Factors Influencing Adeno-Associated Virus-Mediated
Gene Transfer to Human Cystic Fibrosis Airway Epithelial Cells:
Comparison with Adenovirus Vectors
S.
Teramoto,1
J. S.
Bartlett,1,2
D.
McCarty,2
X.
Xiao,2
R. J.
Samulski,2,3 and
R. C.
Boucher1,*
CF/Pulmonary Research and Treatment
Center,1
Gene Therapy
Center,2 and
Department of
Pharmacology,3 University of North Carolina
at Chapel Hill, Chapel Hill, North Carolina
Received 18 May 1998/Accepted 24 July 1998
Adeno-associated virus (AAV) vectors appear promising for use in
gene therapy in cystic fibrosis (CF) patients, yet many features of
AAV-mediated gene transfer to airway epithelial cells are not well
understood. We compared the transduction efficiencies of AAV vectors
and adenovirus (Ad) vectors in immortalized cell lines from CF patients
and in nasal epithelial primary cultures from normal humans and CF
patients. Similar dose-dependent relationships between the vector
multiplicities of infection and the efficiencies of lacZ
gene transfer were observed. However, levels of transduction for both
Ad and recombinant AAV (rAAV) were significantly lower in the airway
epithelial cell than in the control cell lines HeLa and HEK 293. Transduction efficiencies differed among cultured epithelial cell
types, with poorly differentiated cells transducing more efficiently
than well-differentiated cells. A time-dependent increase in gene
expression was observed after infection for both vectors. For Ad, but
not for AAV, this increase was dependent on prolonged incubation of
cells with the vector. Furthermore, for rAAV (but not for rAd), the
delay in maximal transduction could be abrogated by wild-type Ad helper
infection.

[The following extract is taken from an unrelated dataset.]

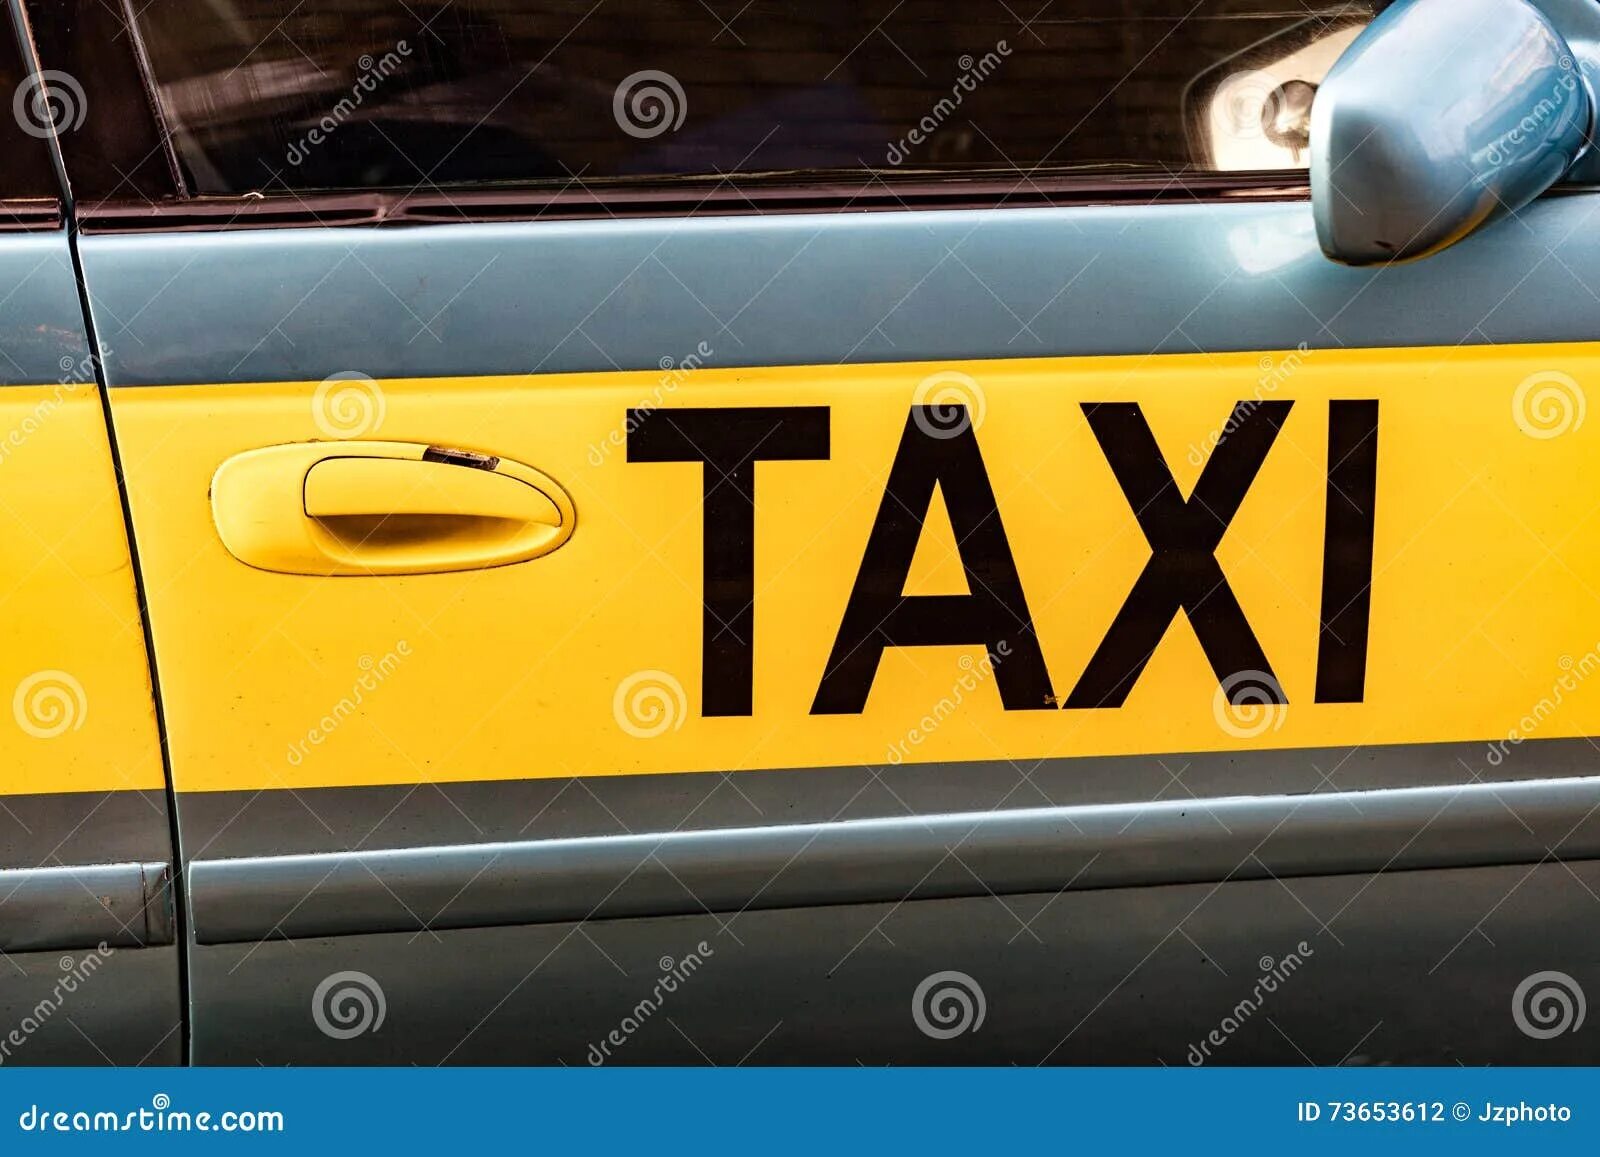 Сравни написание слов такси. Дверь такси. Такси по английскому. Как по английски такси. Как написать такси на английском.

Thus, although helper virus is not required for maximal
transduction, it increases the kinetics by which this is achieved.
Expression of Ad E4 open reading frame 6 or addition of either
hydroxyurea or camptothecin resulted in increased AAV transduction, as
previously demonstrated for nonairway cells (albeit to lower final
levels), suggesting that second-strand synthesis may not be the sole
cause of inefficient transduction. Finally, the efficiency of
AAV-mediated ex vivo gene transfer to lung cells was similar to that
previously described for Ad vectors in that transduction was limited to
regions of epithelial injury and preferentially targeted basal-like
cells. These studies address the primary factors influencing rAAV
infection of human airway cells and should impact successful gene
delivery in CF patients.
*
Corresponding author. Mailing address: Gene Therapy
Center, CF/Pulmonary Research Center, CB #7352, Thurston-Bowles
Building, University of North Carolina at Chapel Hill, Chapel Hill, NC
27599-7352. Phone: (919) 966-1077. Fax: (919) 966-7524. E-mail:
rboucher{at}med.unc.edu.
Journal of Virology, November 1998, p. 8904-8912, Vol. 72, No. 11
0022-538X/98/$04.00+0
Copyright © 1998, American Society for Microbiology. All rights reserved.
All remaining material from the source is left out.